Однако их дружбе приходил конец. Автор биографии Уитмена Филипп Кэллоу пишет: "Гарри никогда не мог понять, кем же все-таки хотел быть для него Уитмен: отцом или матерью, верным другом, или, возможно, женихом, жаждущим его руки и сердца. На самом деле Уитмен был во всех этих качествах и даже более, возродив своим примером утерянные христианские традиции социальных связей; при этом он всячески уходил от прямых ответов на вопросы; закрытый, казалось бы, навсегда ото всех, но и в любой момент рискующий открыться полностью". Во время разлуки с Уитменом Гарри писал ему: "Когда я поднимаюсь наверх в свою комнату, я всегда расстраиваюсь, так как первое, что находят мои глаза, - это твой портрет. Впрочем, такой же портрет есть и внизу и вообще: где бы я ни был, что бы ни делал, повсюду у меня перед глазами стоит твое лицо и ты смотришь на меня".
Уитмен, всегда избегавший навязчивой неразлучности, вежливо и тактично прекратил отношения с Гарри.
В 1879 году его здоровье улучшилось настолько, что он мог совершить путешествие на американский Запад. В 1884 году финансовый успех вышедшего в Филадельфии издания "Листья травы" позволил поэту купить собственный дом в Кэмдене. Через четыре года с ним случился повторный удар, но Уитмен продолжал совершенствовать "Листья травы". Как он сам говорил, "у этой работы не может быть конца". Он умер 26 марта 1892 года в Кэмдене. Являясь одним из величайших американских поэтов, Уитмен своим открытым поэтическим исследованием гомоэротических желаний оказал неизгладимое влияние на таких живших с ним в одно время писателей - пионеров гей-литературы, как Эдвард Карпентер [9] и Дж. А. Саймондс [10] (который написал исследование о творчестве Уитмена спустя год после его смерти). Карпентер в 1877 году встречался с Уитменом, а Саймондс переписывался с ним, однако, когда Саймондс в одном из своих писем прямо спросил Уитмена о гомосексуальных фантазиях в "Галамусе", тот, похоже неискренне, ответил ему, что такие вопросы "вызывают у него недоумение", и отрицал возможность присутствия в своих поэмах того, что он называл "неадекватными толкованиями".
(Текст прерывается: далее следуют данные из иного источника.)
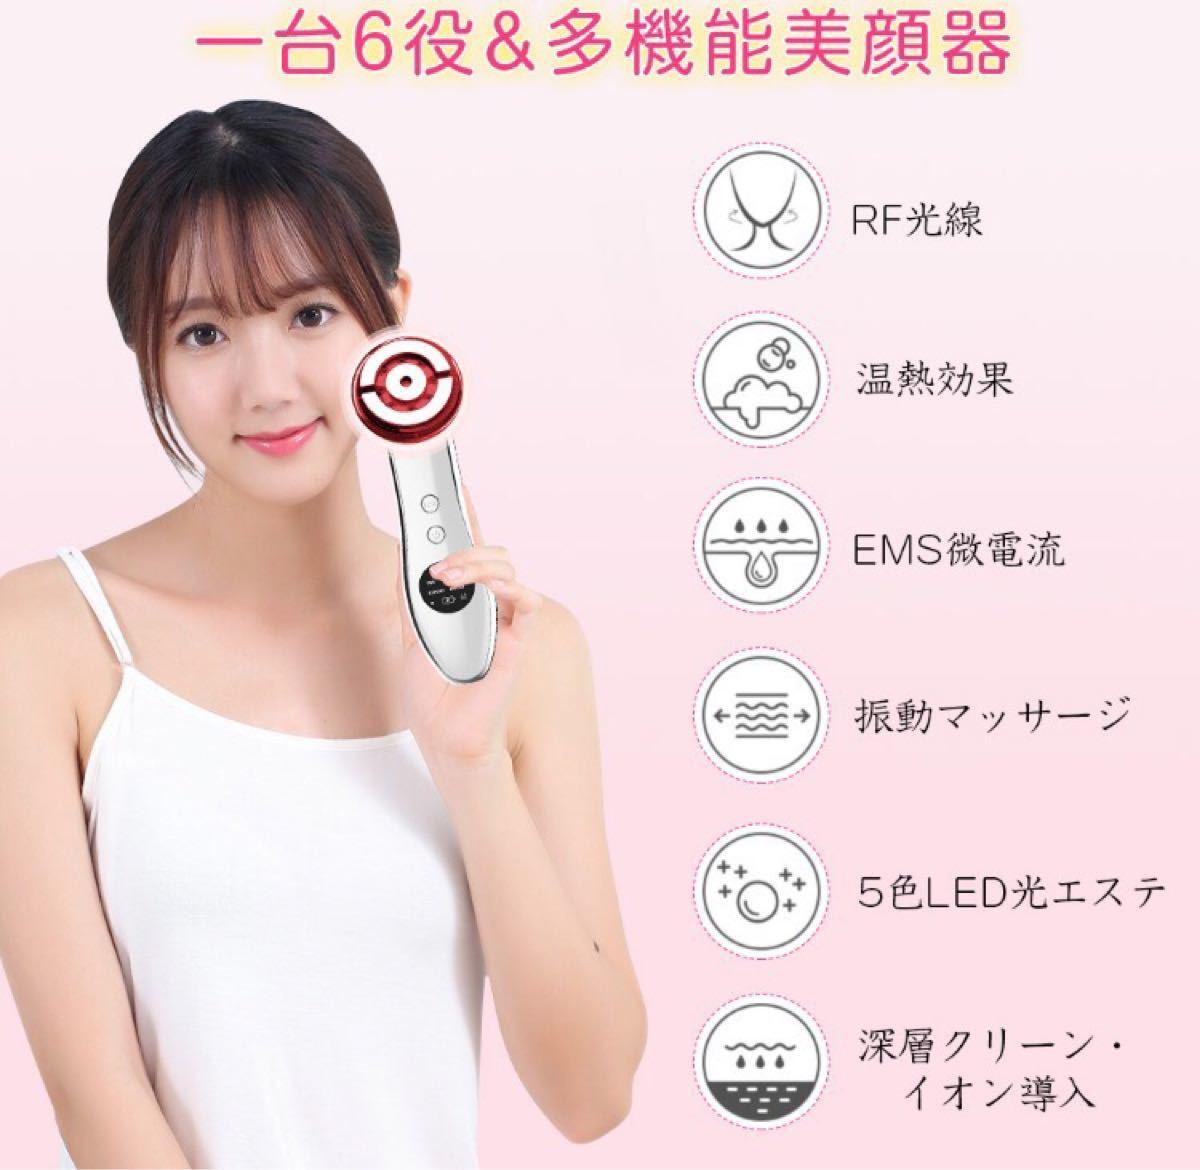 超音波美顔器 RF美顔器 LED美顔器 1台5役 光エステ美顔

Не стоит гадать о том, что на самом деле думал о поэмах цикла "Галамус" Уитмен - так или иначе в конце XIX - начале XX века они однозначно воспринимались как страстные гимны крепнущему самосознанию геев. В 1922 году Карпентер мог откровенно заявить: "В случае Уитмена, если рассматривать его теснейшие отношения с некоторыми друзьями мужского пола, мы видим уже присутствие нового, органично возникшего вдохновения и новую жизненную силу. Эта сила буквально излучается во всех направлениях его поэмами. Тысячи людей после их прочтения начали для себя отсчет новой эры их жизней... Мы не можем сейчас предсказать того, насколько далеко может пойти этот процесс, но то, что это является одним из факторов будущей эволюции, вряд ли подлежит сомнению. Я имею в виду то, что любовь между мужчинами - а также любовь междуженщинами - может стать фактором будущей человеческой эволюции: таким же необходимым и общепринятым, как обычная любовь, которая обеспечивает... выживание человечества".
Уитмен был заметнейшей и влиятельнейшей фигурой на заре движения гомосексуалов за свои права. Его поэмы пробудили дремавшую во многих гомосексуальную чувственность. В этом смысле он был первым современным писателем для геев, имеется в виду, что его произведения воспринимаются гомосексуалами как специально адресованные им, что сам процесс их чтения создает у них чувство общности. Уитмен создал язык гомосексуального желания, он дал голос любви, которая не смела назвать своего имени, хотя сам он так и не решился открыто его назвать. То, что его влияние сильно и по сей день, можно оценить по той дани уважения, которую отдают ему такие знаменитые поэты XX века, как Харт Грэйн, Федерико Гарсия Лорка и Аллен Гинсберг, написавший трепетную поэму-меланхолию "Уолт Уитмен в супермаркете" - она наиболее часто встречается в антологиях современной американской поэзии.